Existing HIV prevention and protection efforts are failing to stem infections among women and girls because they do not take into account such issues as gender relations and sexual behavior, according to the UN's AIDS program.
"All too often, HIV prevention is failing women and girls," said Dr Peter Piot, Executive Director of the Joint UN Program on HIV/AIDS (UNAIDS). Piot was speaking at the launch of the Global Coalition on Women and AIDS, a UNAIDS-initiated group of leading women and men committed to mitigating the impact of AIDS on women and girls worldwide.
"Because of their lack of social and economic power, many women and girls are unable to negotiate relationships based on abstinence, faithfulness and use of condoms. It is precisely to address these inequalities and reduce women's vulnerability to HIV that the Global Coalition on Women and AIDS has been created."
Women are particularly vulnerable to HIV, with about half of all HIV infections worldwide occurring among women.
This vulnerability is primarily due to inadequate knowledge about AIDS, insufficient access to HIV prevention services, inability to negotiate safer sex, and a lack of female-controlled HIV prevention methods, such as microbicides.
Women and girls are often powerless to abstain from sex or to insist on condom use.
They may be coerced into unprotected sex or run the risk of being infected by husbands in societies where it is common or accepted for men to have more than one partner. Women are also biologically more vulnerable to infection; male-to-female HIV transmission is estimated to be twice as likely as female-to-male. In some of the regions worst-affected by AIDS, more than half of girls aged 15 to 19 have either never heard about AIDS or have at least one major misconception about how HIV is transmitted.
While condoms have been proven effective in HIV prevention, their correct and consistent use rests with the male partner, making it more difficult for women to negotiate safer sex.

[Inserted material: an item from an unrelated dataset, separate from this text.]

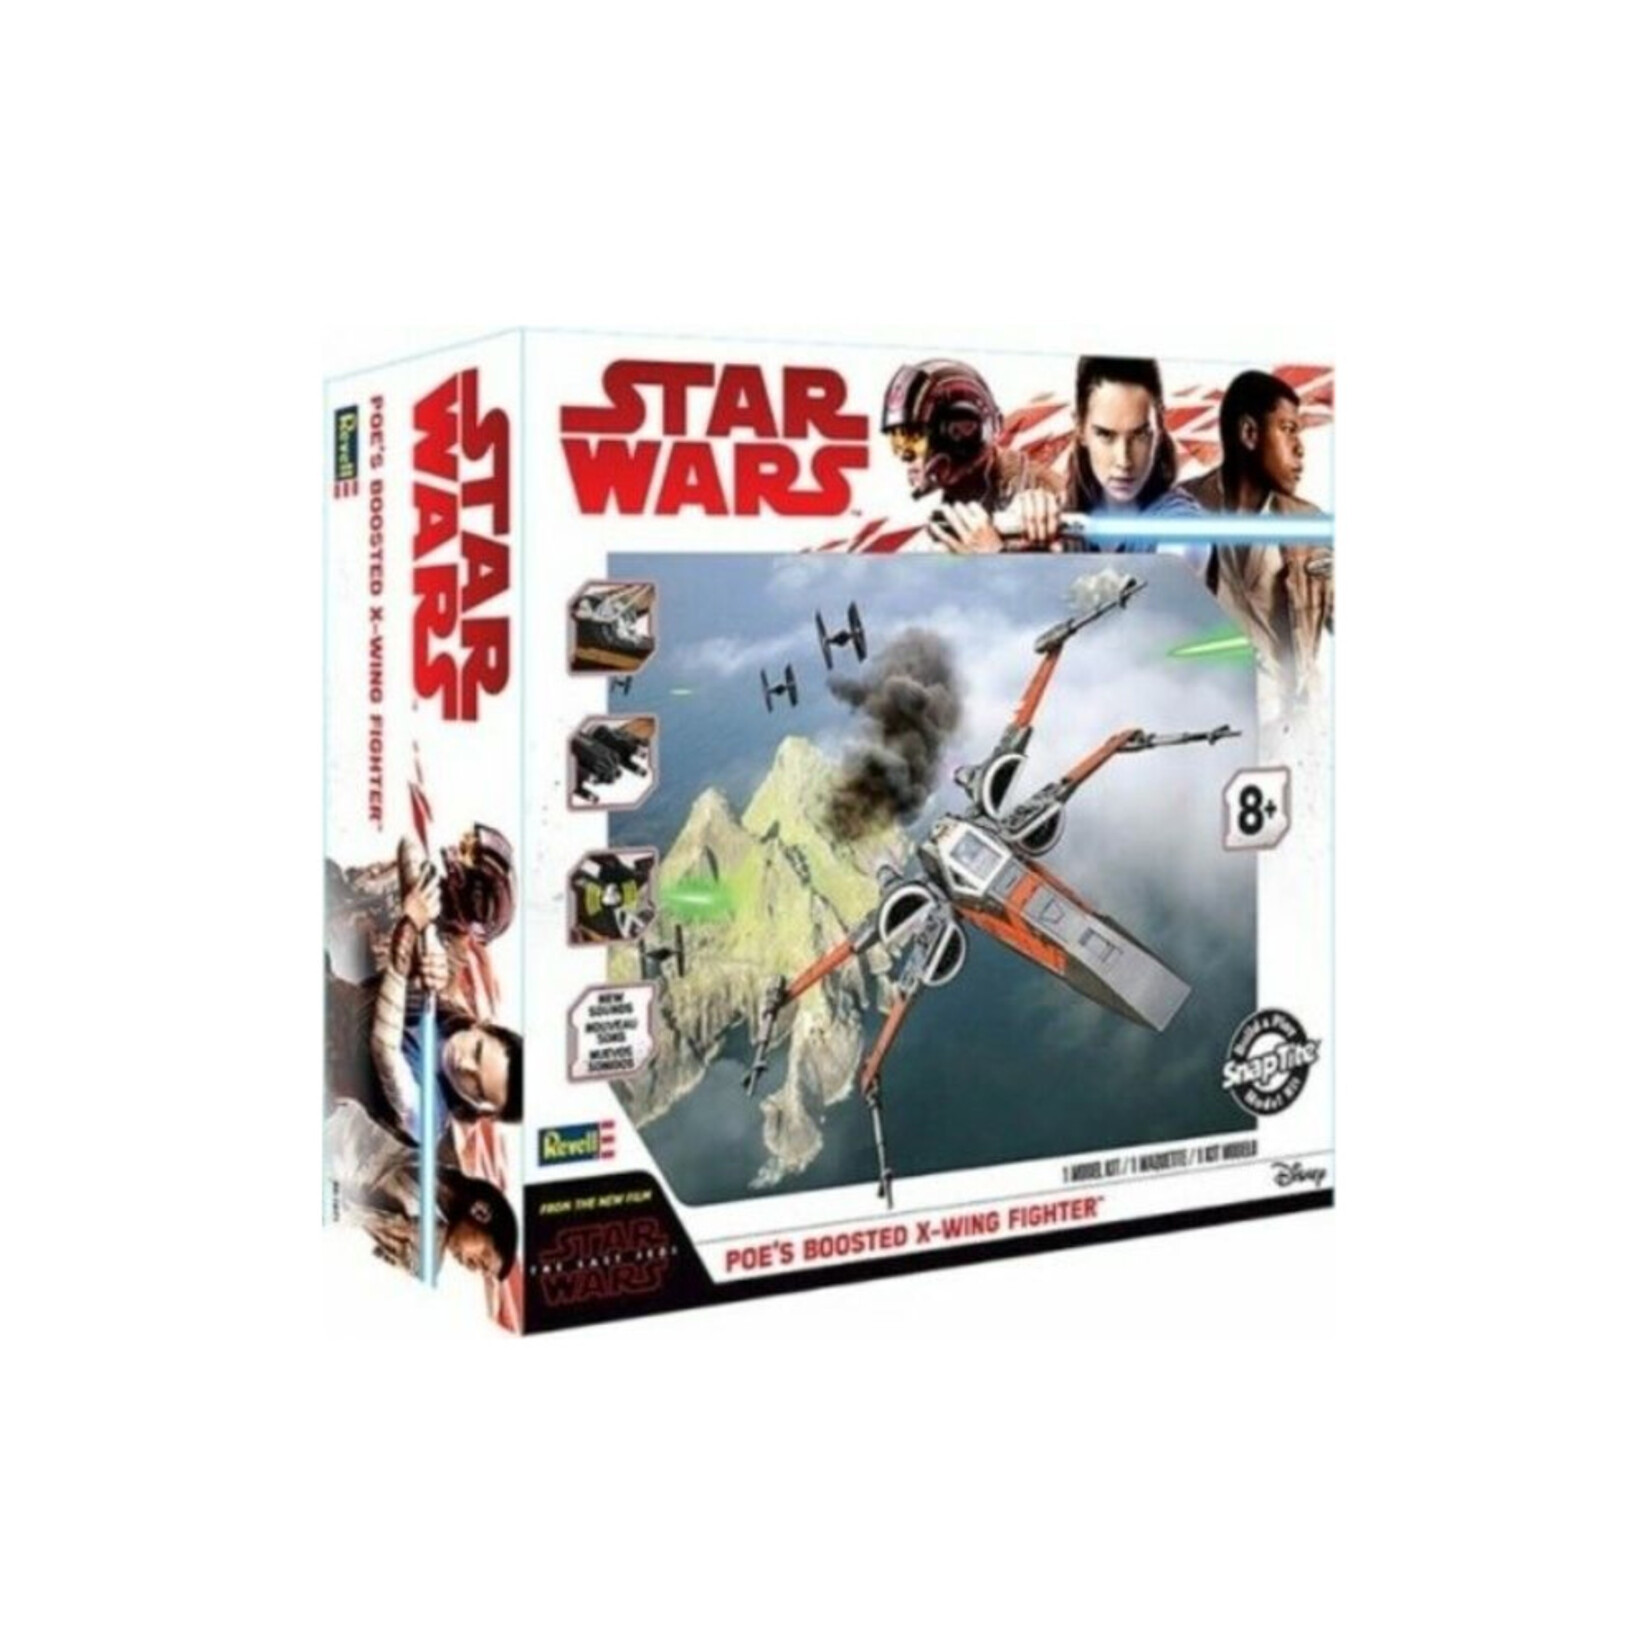 REVELL REVELL STAR WARS SNAPTITE 1/78 POE’S BOOSTED X-WING

In fact, most sexually transmitted HIV infections in females occur either inside marriage or in relationships women believe to be monogamous.
"The typical woman who gets infected with HIV has only one partner -- her husband or steady boyfriend," said Oscar-winning actress Emma Thompson, an ambassador for ActionAid International.
"Regardless of their relationship status women desperately need new HIV prevention tools that they can control."
A study in Zambia found that only 11 percent of women interviewed believed that a woman had the right to ask her husband to use a condom -- even if he had proven himself to be unfaithful and was HIV-positive. Studies in the US suggest that many women infected by male partners were unaware the men had had multiple sex partners.
Violence, too, increases the danger of HIV infection among women. In certain places -- Cameroon, the Caribbean, Peru, and South Africa -- between 20 percent and 48 percent of girls aged 10 to 25 reported that their first sexual encounter was forced. Fear of violence not only prevents women from accessing HIV/AIDS information, it prevents them from getting tested, disclosing their HIV status and receiving treatment and counselling, even when they know they have been infected. This is primarily due to the stigma and discrimination associated with HIV and AIDS.
"When women are infected with HIV, they often face physical and emotional violence. As a result, they can be abandoned by their families and ostracized by their communities," said Ludfine Anyango, a woman living with HIV and national HIV/AIDS coordinator of ActionAid Kenya.
Women's vulnerability to HIV and AIDS is further exacerbated by unequal property and inheritance rights. In many countries property is usually owned by men -- women only have rights through marriage. This radically reduces their economic security and can lead to women enduring abusive relationships or resorting to sex for economic survival. Women whose male partners die of AIDS are often left homeless.
"It is crucial that HIV prevention programs involve both women and men to effectively address gender inequality and reduce women's vulnerability to HIV," said Mary Robinson, former President of Ireland and executive director of the Ethical Globalization Initiative. "Women's rights must be fully respected and protected if we want a realistic chance at reversing the spread of AIDS."
Another promising HIV prevention option for women lies in microbicide research. Formulated as a gel, film, sponge, lubricant or time-released suppository, a successful microbicide could help protect women and couples who cannot or do not use condoms against HIV.
The Global Coalition on Women and AIDS aims to be a highly-visible group of men and women, including activists, government representatives, community workers and celebrities, that seek to stimulate concrete action on the ground to improve the daily lives of women and girls. Its efforts will focus on preventing new HIV infections among women and girls, promoting equal access to HIV care and treatment, accelerating microbicide research, protecting women's property and inheritance rights and reducing violence against women.